[e2e] tcp connection timeout

Vadim Antonov avg at kotovnik.com
Wed Mar 1 19:18:46 PST 2006


On Wed, 1 Mar 2006, David P. Reed wrote:

> Actually, there is no reason why a TCP connection should EVER time out 
> merely because no one sends a packet over it.

The knowledge that connectivity is lost (i.e. that there's no *ability* to
send information before the need arises) is valuable.  A preemptive action
can then be taken to either alert user, or to switch to an alternative.  
Just an example (with somewhat militarized slant): it does make a lot of
difference if you know that you don't know your enemy's position, or if
you falsely think that you know where they are, and meanwhile they moved
and you simply didn't hear about it because some wire is cut.

There's also an issue of dead end-point detection and releasing the
resources allocated to such dead point (which may never come back).

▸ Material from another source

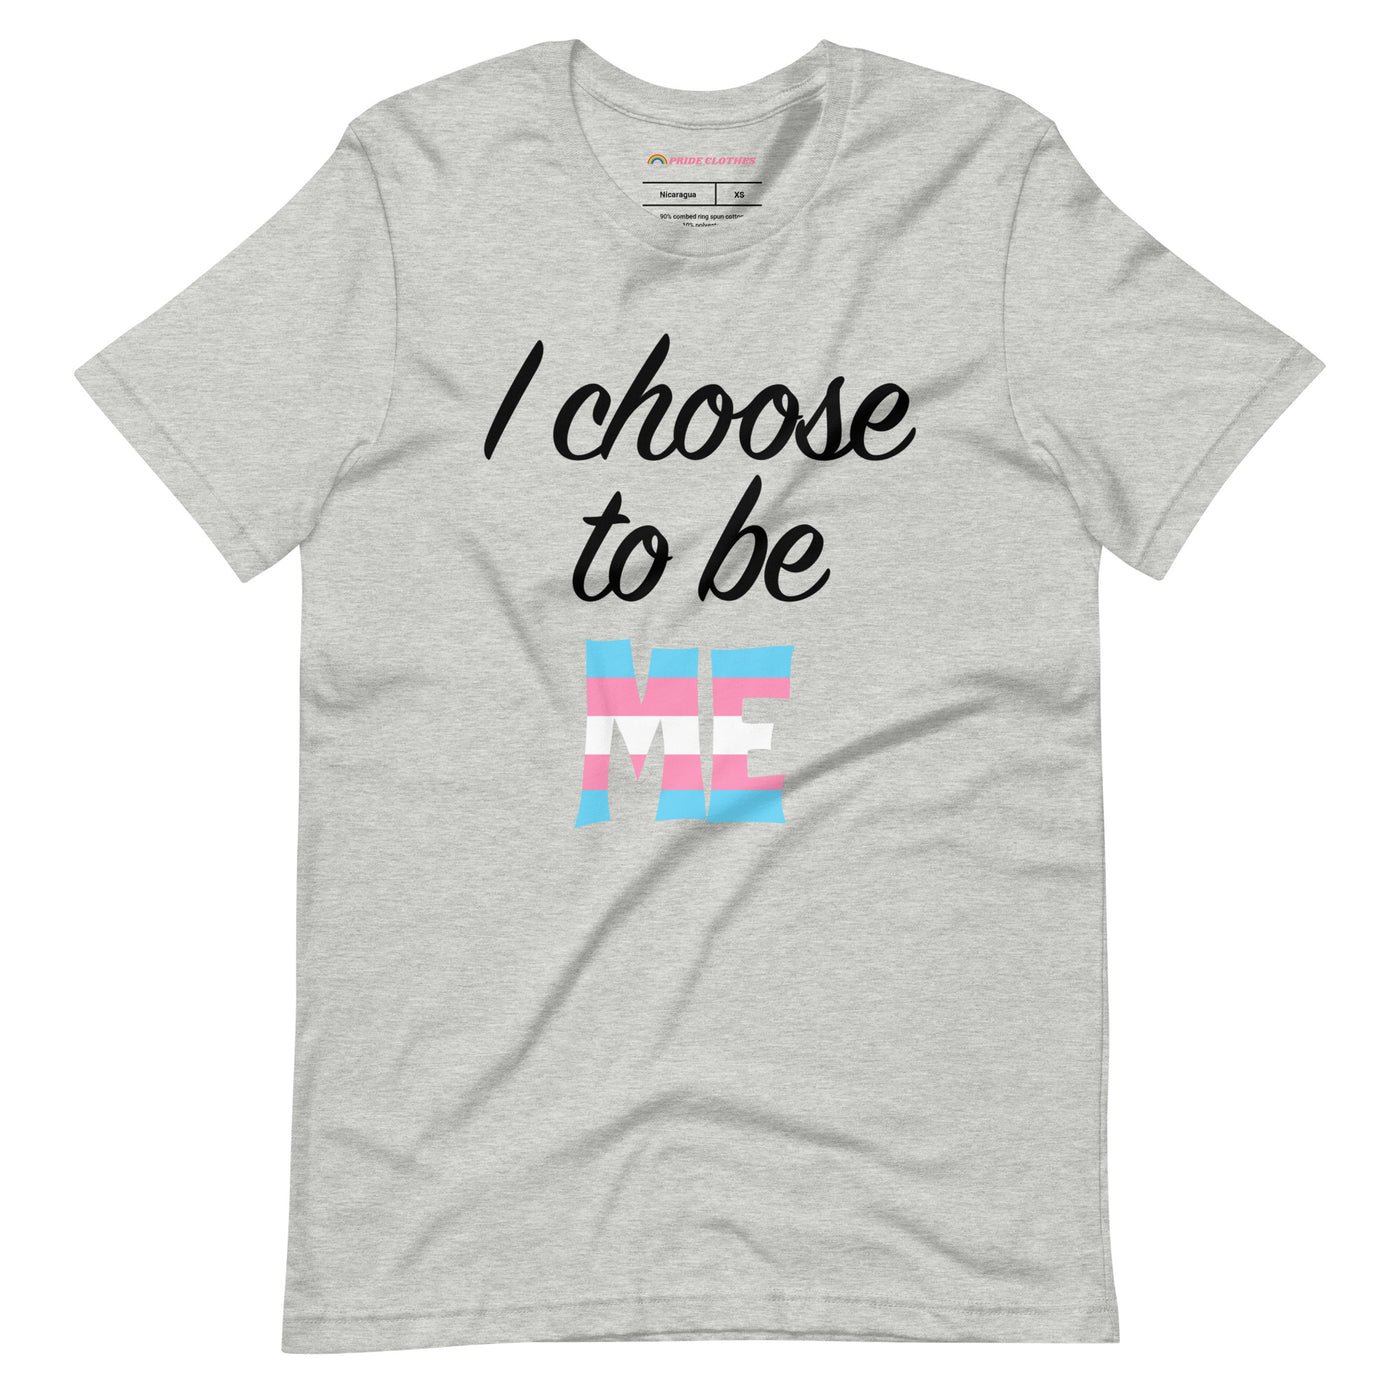 Pride Clothes - Look Here! I Choose to Be Me Trans Pride Flag TShirt - Athletic Heather
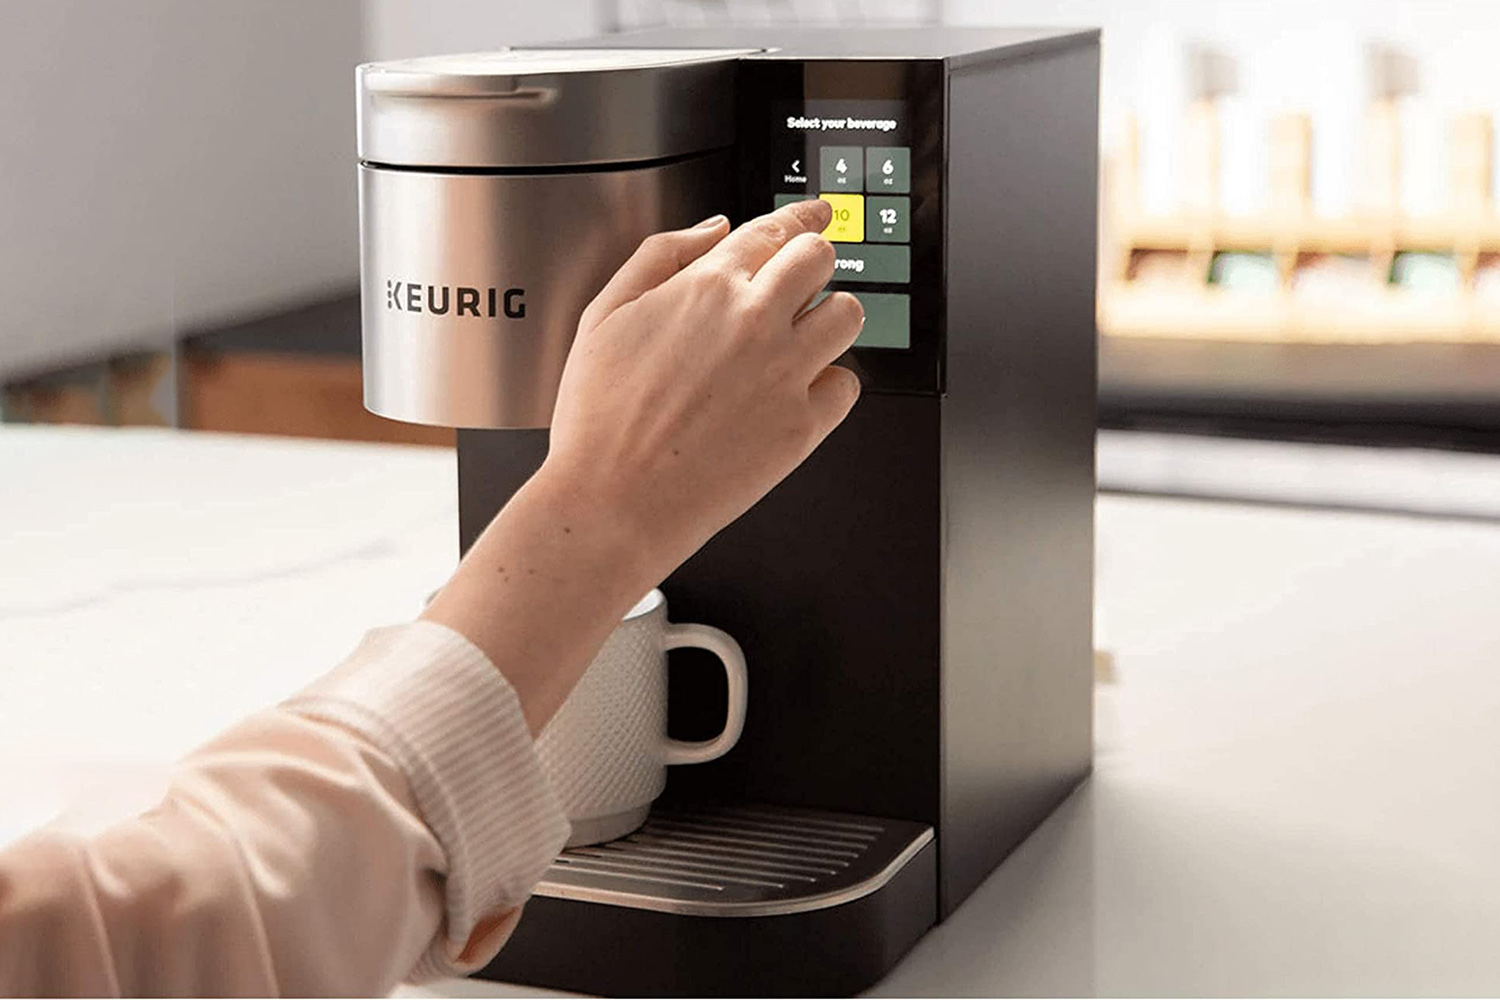 Black Friday 2021: The best Keurig and K-Cup deals you can still shop

There
is no way to discriminate between dead end-point and an end-point which
merely keeps quiet other than using connection loss detection.

So, in practice, all useful applications end up with some kind of timeouts
(and keepalives!) - embedded in zillion protocols, mostly designed
improperly, or left to the user's manual invervention.  It makes
absolutely no sense - in a good design shared functions must be located at
the level below, so there's no replication of functionality.

What is needed is an API which lets applications to specify maximal
duration of loss of connectivity which is acceptable to them.  This part
is broken-as-designed in all BSD-ish stacks, so few people use it.

Keepalives, arguably, is the crudest method for detection of loss of
connectivity, and they load the network with extra traffic and do not
provide for the fast detection of the loss.  But, because of their
crudity, they always work.

A good idea would be to fix standard socket API and demand that all TCP
stacks allow useful minimal keepalive times (down to seconds), rather than
have application-level protocol designers to implement workarounds at the
application level.

And, yes, provide the TCP stack with a way to probe the application to
check if it is alive and not deadlocked (that being another reason to do
app-level keepalives).

Some tap to the routing system which, in turn, obtains link status from
the underlying hardware with its quick detection of loss of carrier would
be the best, but it also is complicated.  A limited form of it (i.e.  
shutting down TCP session when a directly attached interface carrying them
goes down for longer than their timeouts) could be useful.

The same kind of mentality (i.e. if a lower level is broken, just dump the
problem into application developers laps) gave us the IPv4->IPv6
application portability issues (by not hiding domain name to transport
address conversions) and many other bogosities, so any sizeable software
project nowadays includes mandatory work on "OS abstraction" layer which
attempts to hide the ugliness - and you still have to produce new binaries
every time something changes underneath.

There's a rule of thumb: you cannot get rid of the complexity, but you can
move it around. If it stays in one place, it is manageable. If you move it
so that it is replicated in many places, it always comes to bite you in
the back.

Keep keepalives in one place, puh-leeease.